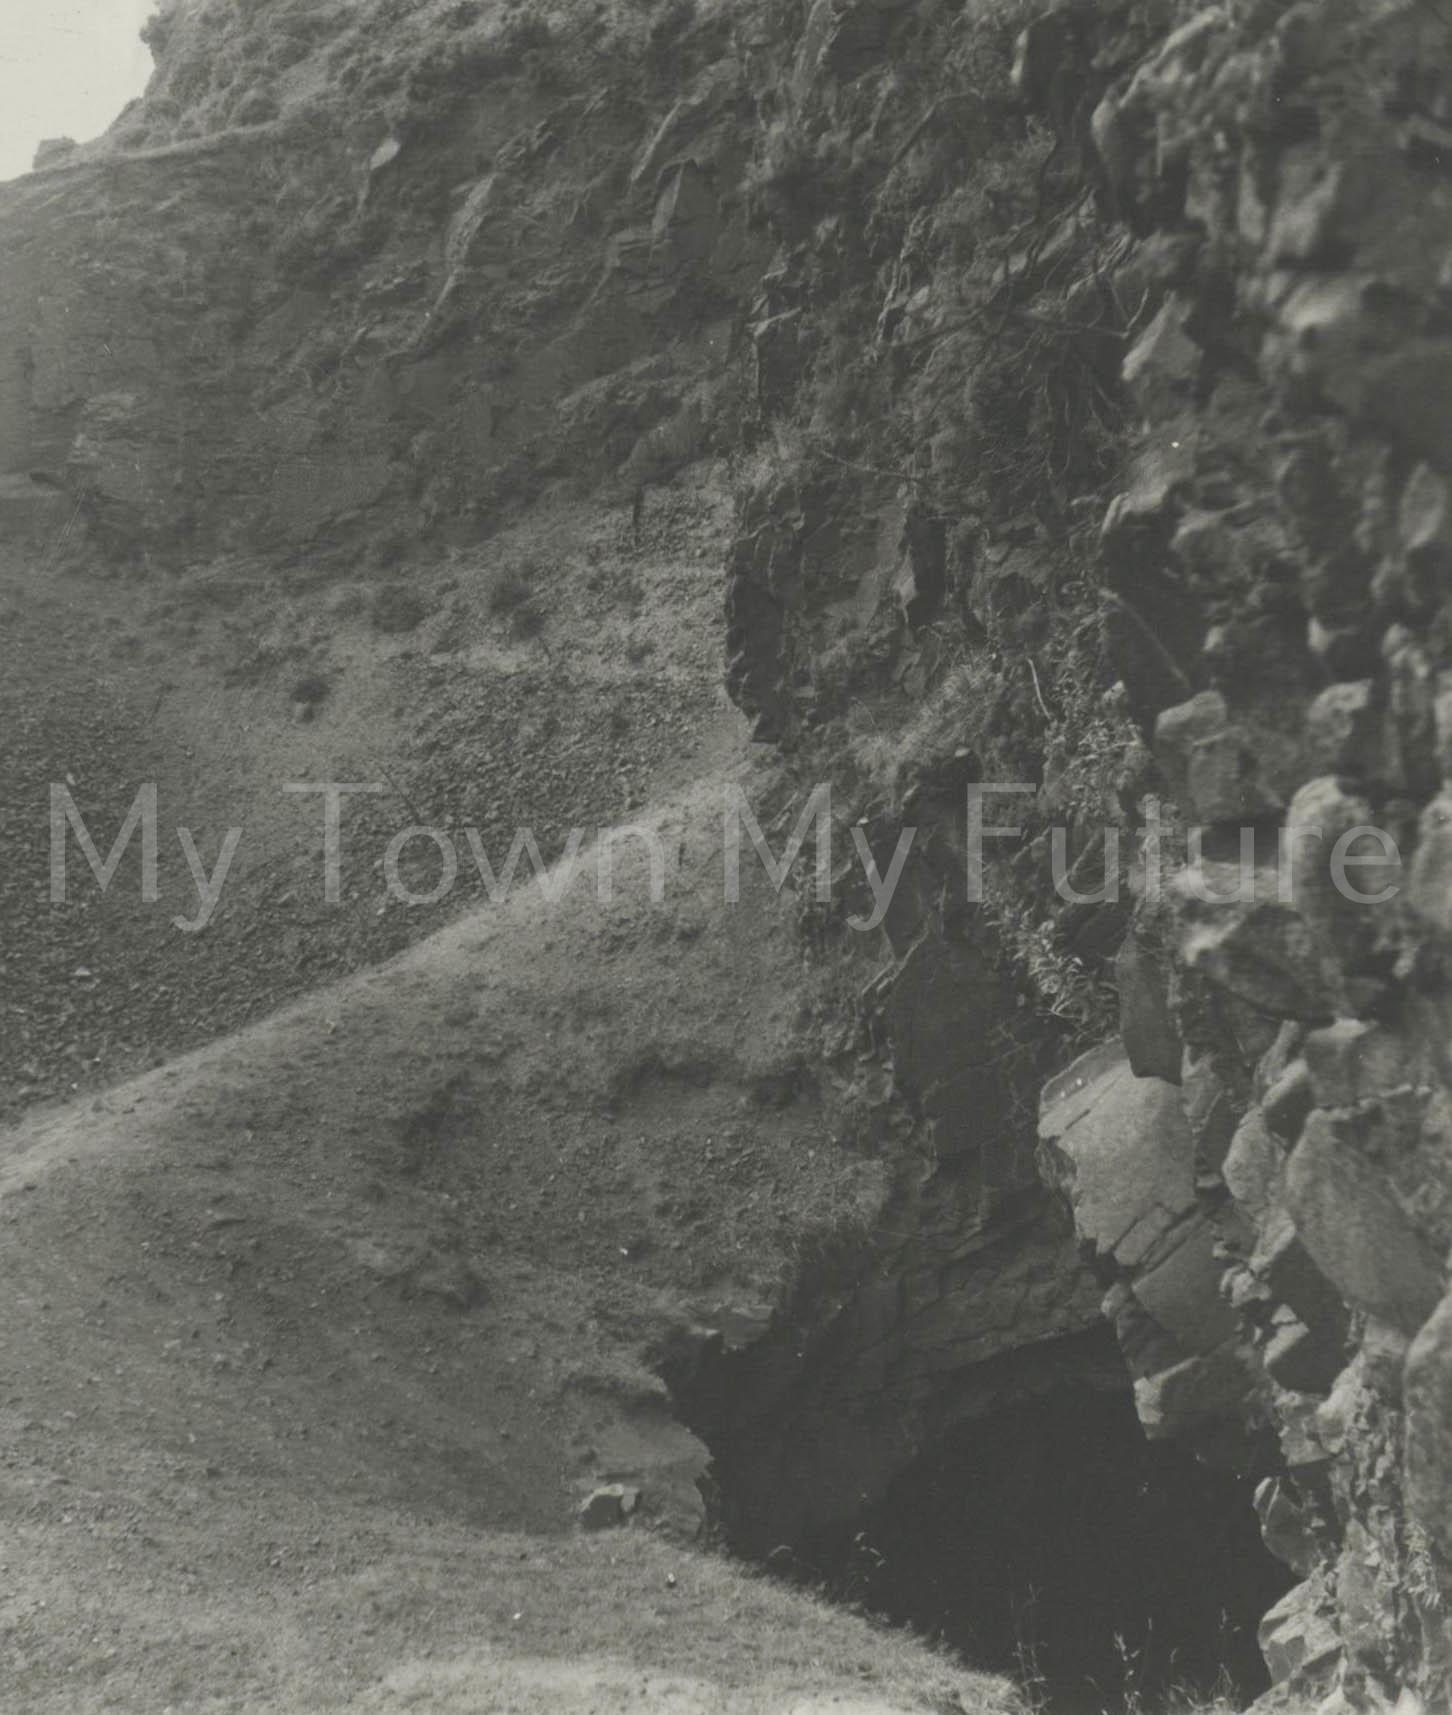 Elephant Hole Great Ayton
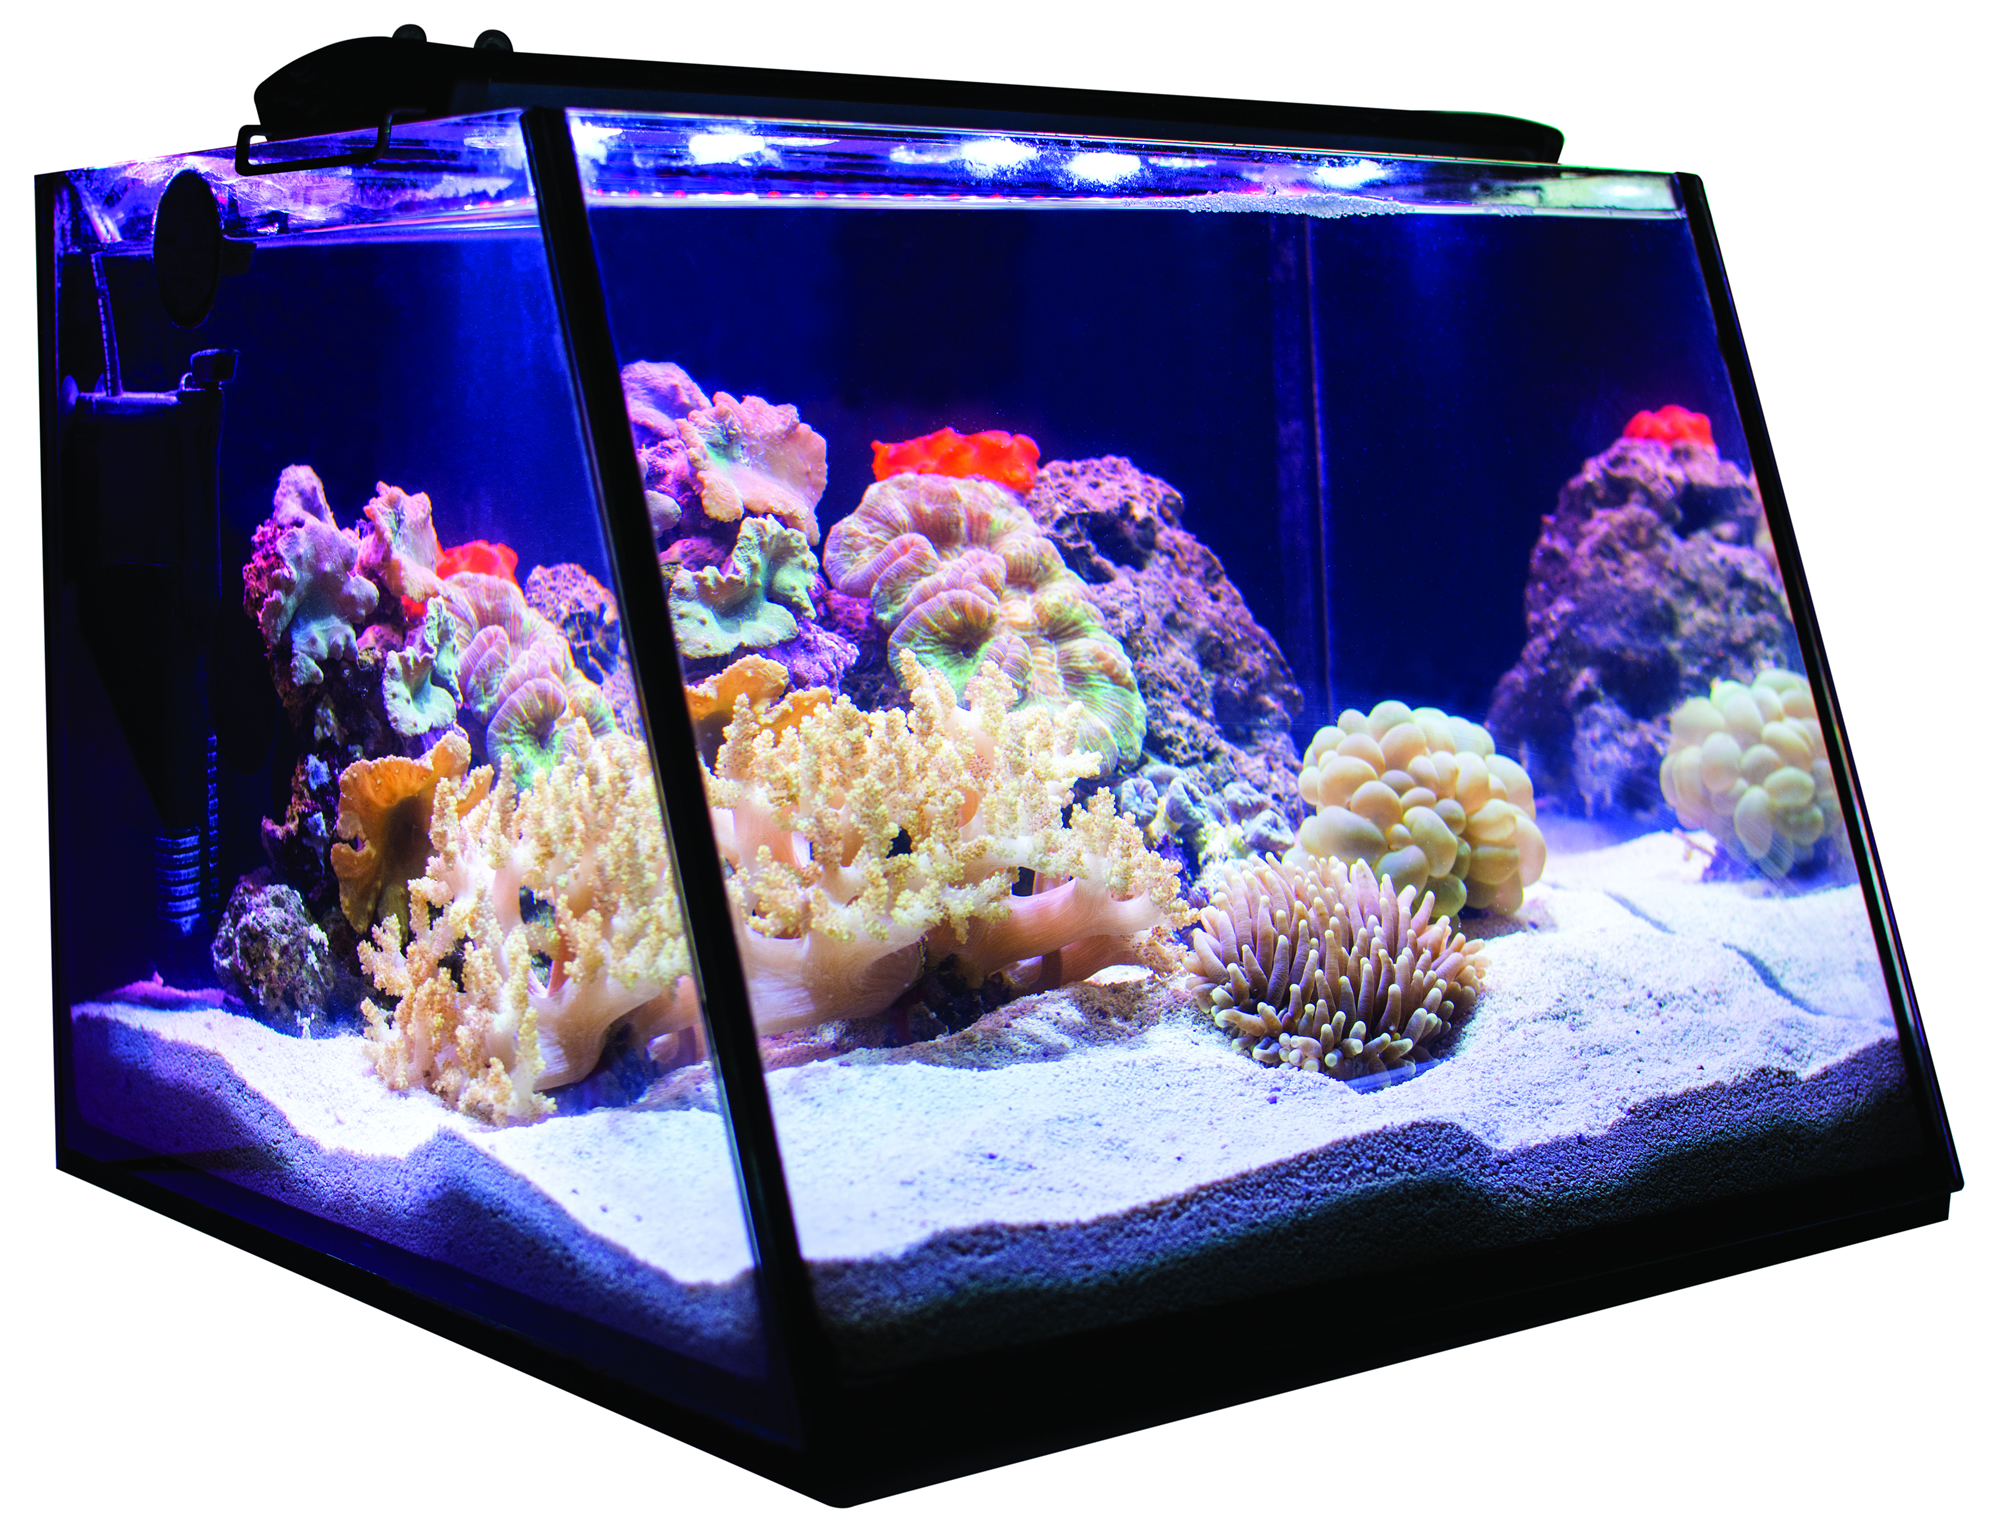 Plafoniere Per Nanoreef : Nanoreef archives danireef portale dedicato all acquario
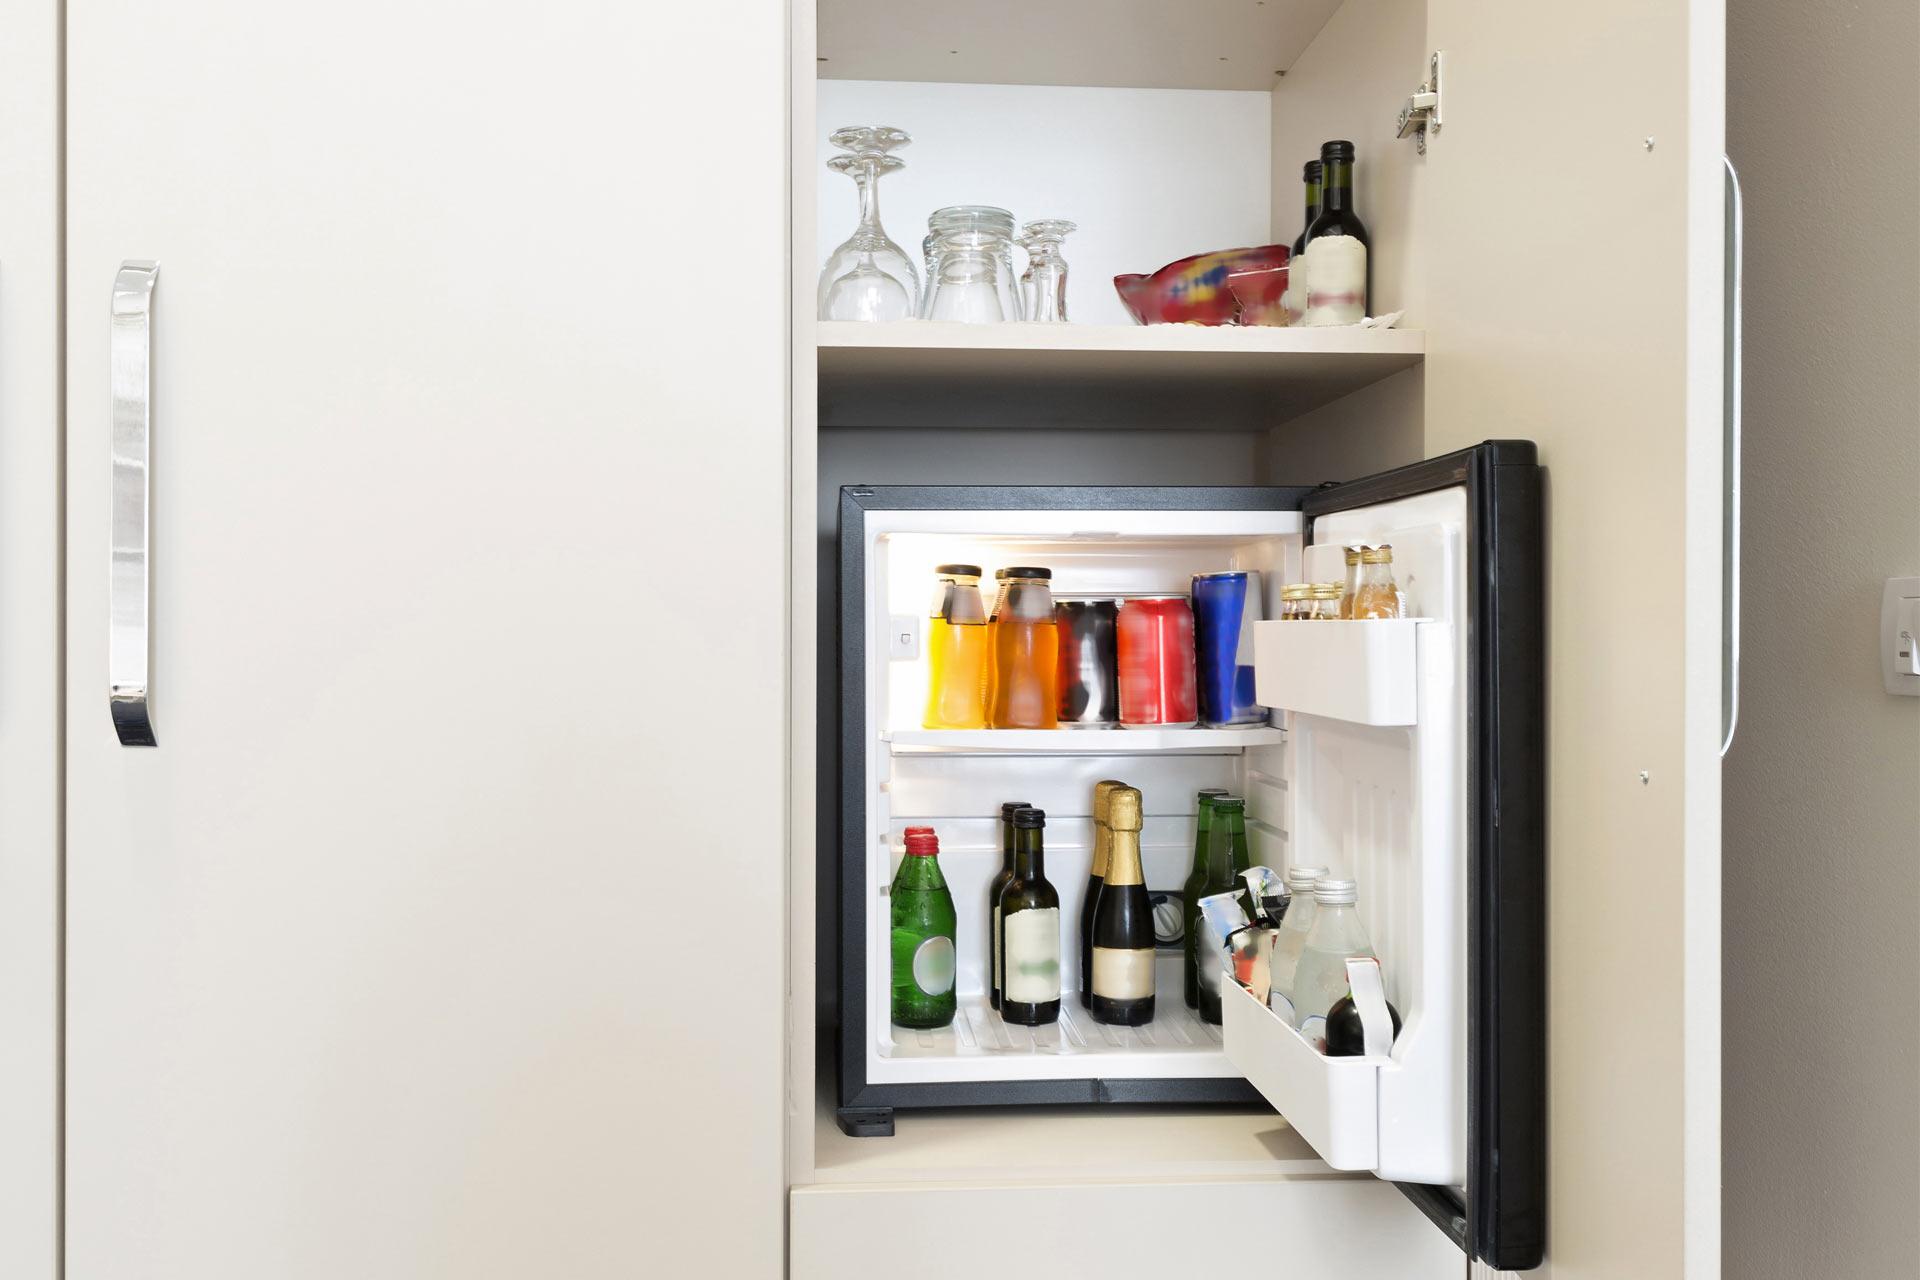 Kleiner Kühlschrank Gebraucht : Kühlschrank gebraucht münchen kuchen kühlschrank gebraucht

:: Task requirements ::
Leaving every image behind, repeat the data in full and exactly.

:: Result of this task ::
 Elephant Hole Great Ayton
 Plafoniere Per Nanoreef : Nanoreef archives danireef portale dedicato all acquario
 Kleiner Kühlschrank Gebraucht : Kühlschrank gebraucht münchen kuchen kühlschrank gebraucht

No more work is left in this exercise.